Again, there is no legal requirement that notice be given in writing, but it is recommended that you do so.
For both excluded tenancies and licences there is no legal requirement for the landlord to get a possession order so long as notice has been correctly given, although he or she may do so.
However, it is a criminal offence for a landlord – or someone working on his or her behalf – to use force to make an occupier leave against the occupier’s will, even where the tenancy or licence has been properly brought to an end (or expired, if a fixed term). It is also an offence to use threats of force.
What if the tenant won’t leave?
You cannot evict a tenant yourself but you can apply to the county court to get your property back. In certain cases you can use an accelerated possession procedure which can avoid the need for a court hearing. For further guidance seek advice from a solicitor or contact us. For possession information visit www.hmcourts-service.gov.uk
Can the tenant be evicted as soon as I have a possession order?
If the court orders possession on one of the mandatory grounds, the tenant will have to leave on the date specified in the court order – this is called an absolute possession order. If the court orders possession on one of the discretionary grounds, it can either grant an absolute possession order or it may allow the tenant to stay on in the property provided he or she meets certain conditions – for example, paying back an amount of rent arrears each week. This is called a suspended possession order and the tenant cannot be evicted provided that he or she meets the conditions.

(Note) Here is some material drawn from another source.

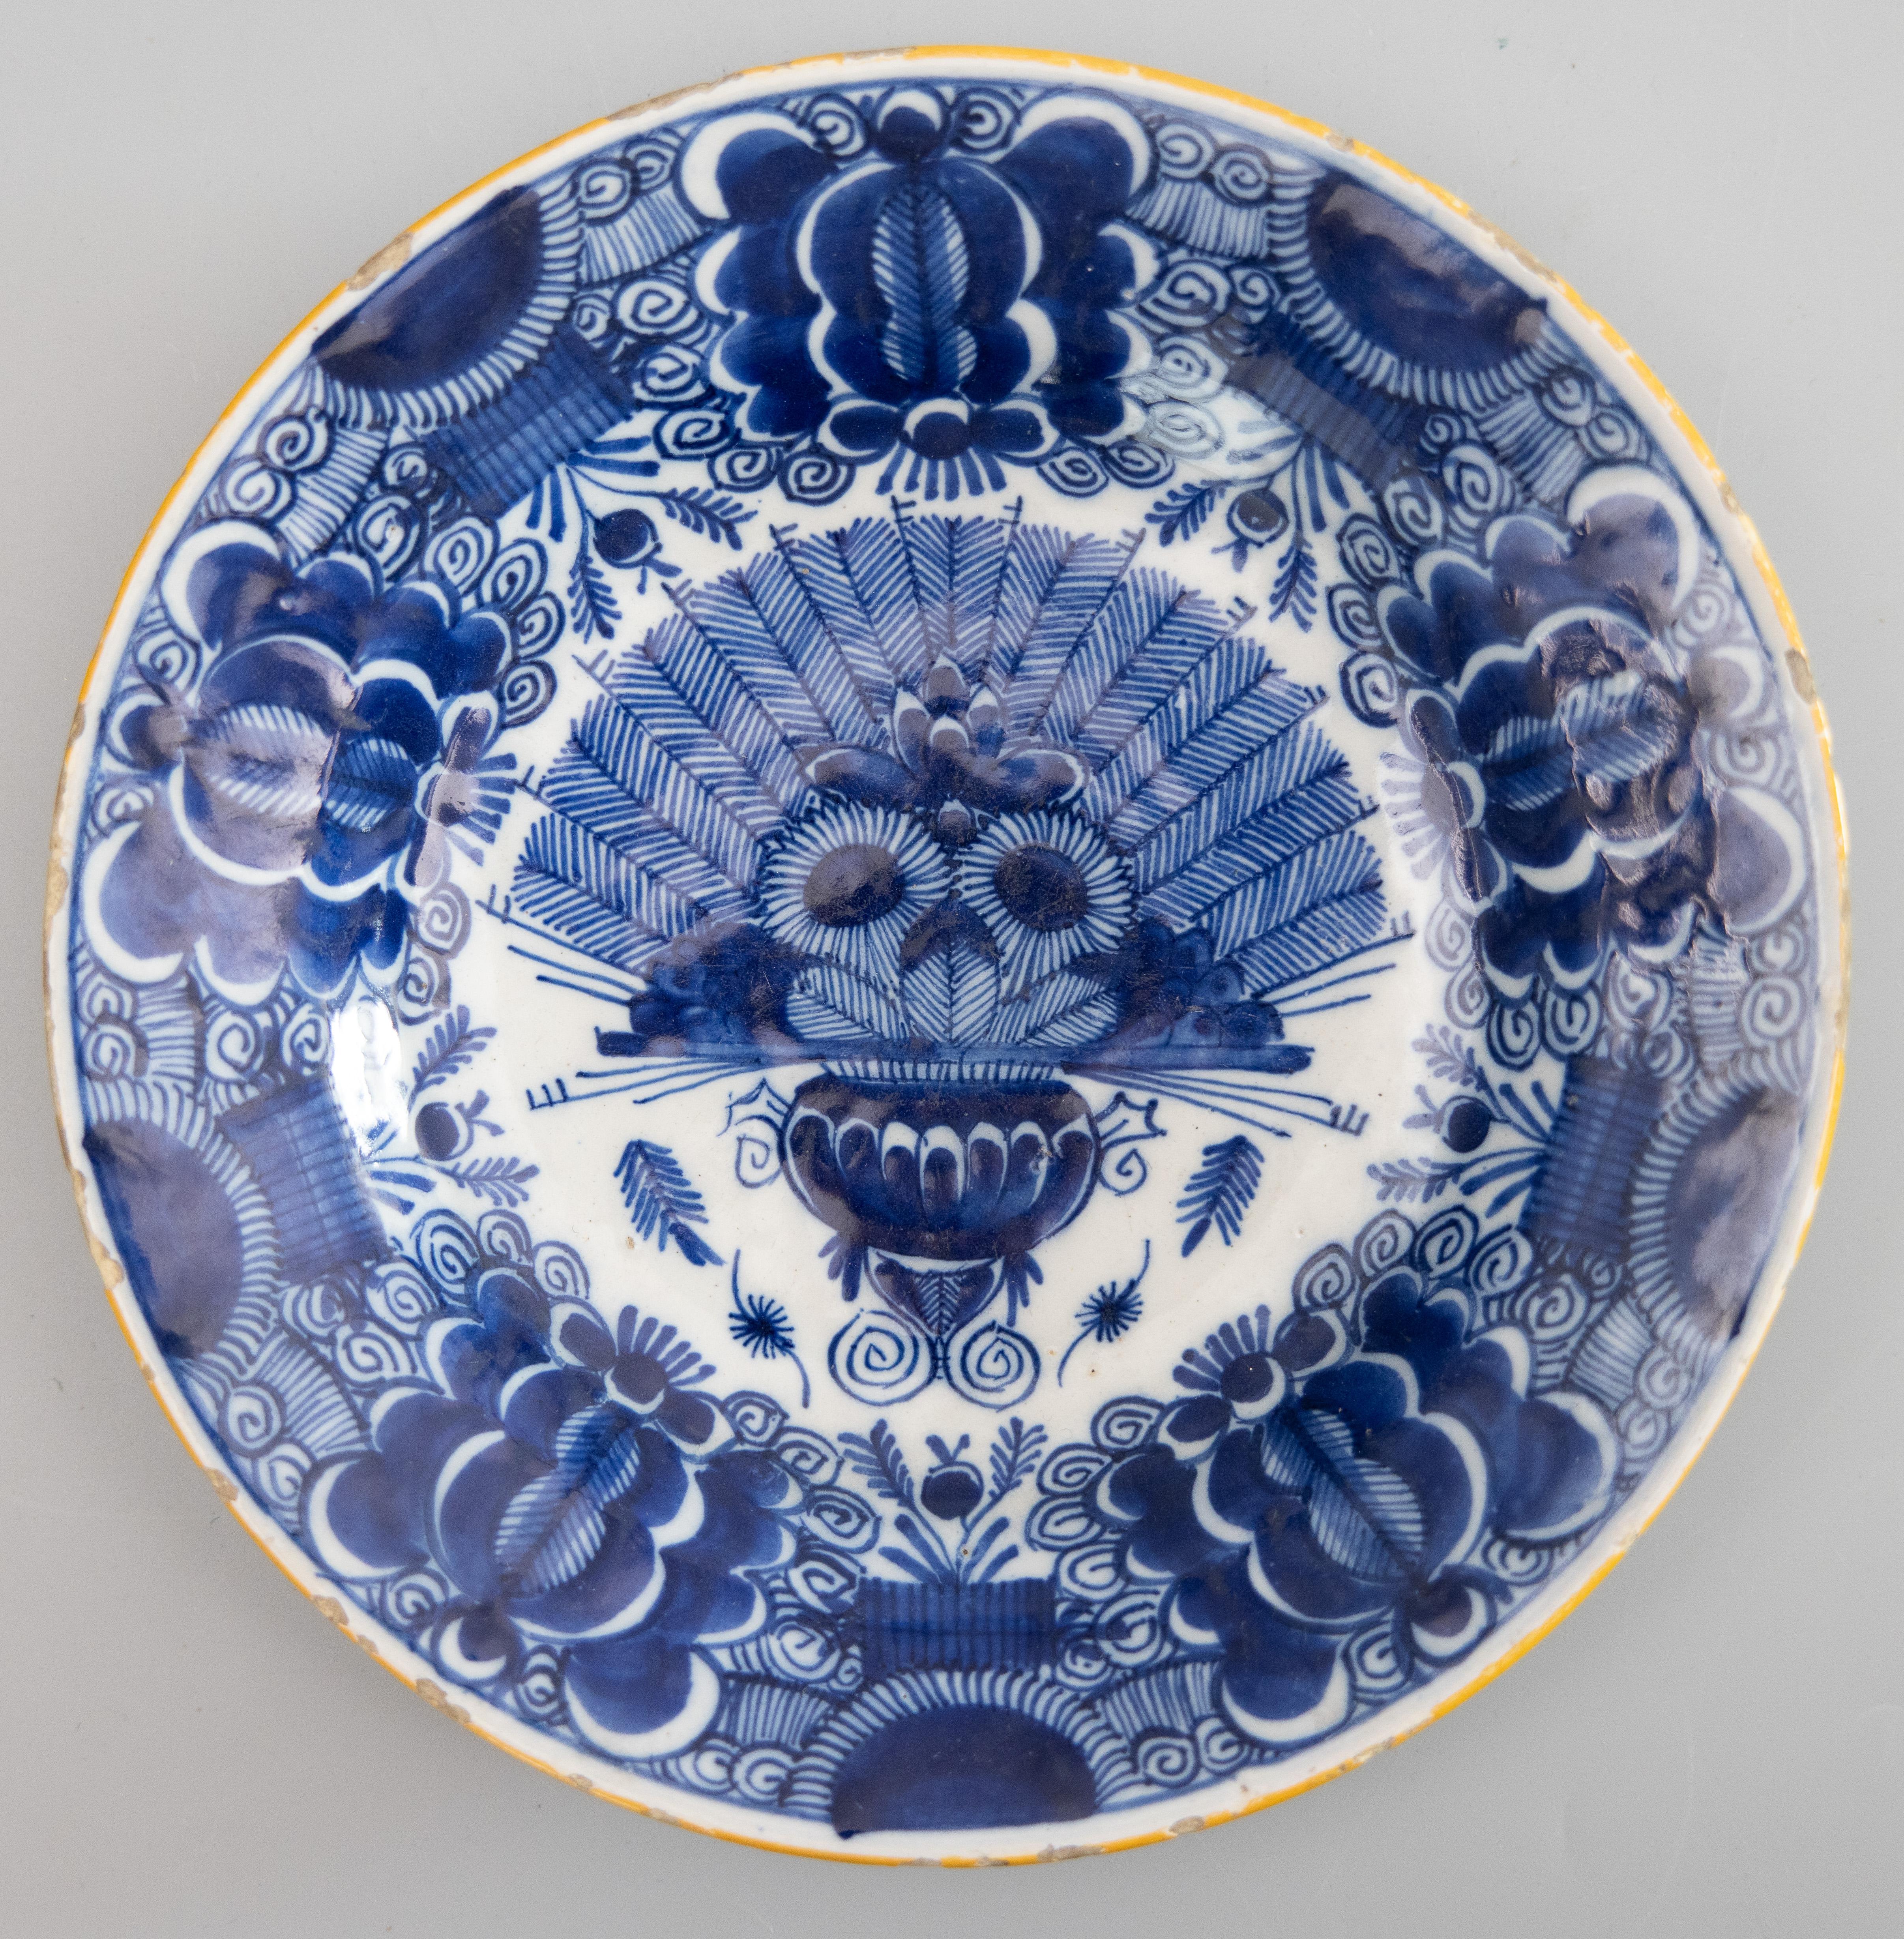 A superb antique pair of 18th-Century Dutch Delft faience plates with the 'Peacock' pattern by the De Klaauw (The Claw) Delftware factory. Maker's mark on reverse. These lovely plates have a hand painted peacock design in cobalt blue and white with

You cannot evict the tenant yourself. If he or she still refuses to leave after the date specified in the order, you must seek a warrant for eviction from the court. The court will arrange for bailiffs to evict the tenant.
What happens if the tenant breaches the conditions of a suspended possession order?
You may apply to the court for an absolute possession order or a warrant for possession, depending on the terms of the suspended order.
Can I ask the tenant to pay rent after I have served a notice seeking possession?
You can ask the tenant to pay rent until the date of possession granted by the court. If the tenant refuses to leave after the date in the court possession order and you ask him or her to pay rent, there is a danger that the court could rule that a new tenancy has arisen. However the tenant is liable to pay you damages for continued occupation of the property (known as mesne profits). You should seek legal advice in these circumstances.
Can the court order the tenant to pay back all the rent he or she owes?
If possession is ordered on the grounds of rent arrears, the court will normally order the tenant to pay back the rent owed at a rate appropriate to his or her circumstances. If asked to consider it, the court may also award a sum to cover interest on the outstanding rent.
If the amount of money the tenant owes is £5,000 or less, you could make a claim through the small claims court (county court) which is cheaper than claiming formally through the main court. If the tenant does not contest the claim, there will be no need for a court hearing.
If he or she does, there will be an arbitration hearing unless your case is too difficult to be dealt with under the small claims procedure and then it will be transferred to the open court. You should apply to the county court to make an application for small claims court proceedings.
Remember, a person who is convicted by magistrates of an offence under the Protection from Eviction Act 1977 may have to pay a fine or be sent to prison for six months, or both. If the case goes to the Crown Court, the punishment can be prison for up to two years, or a fine, or both.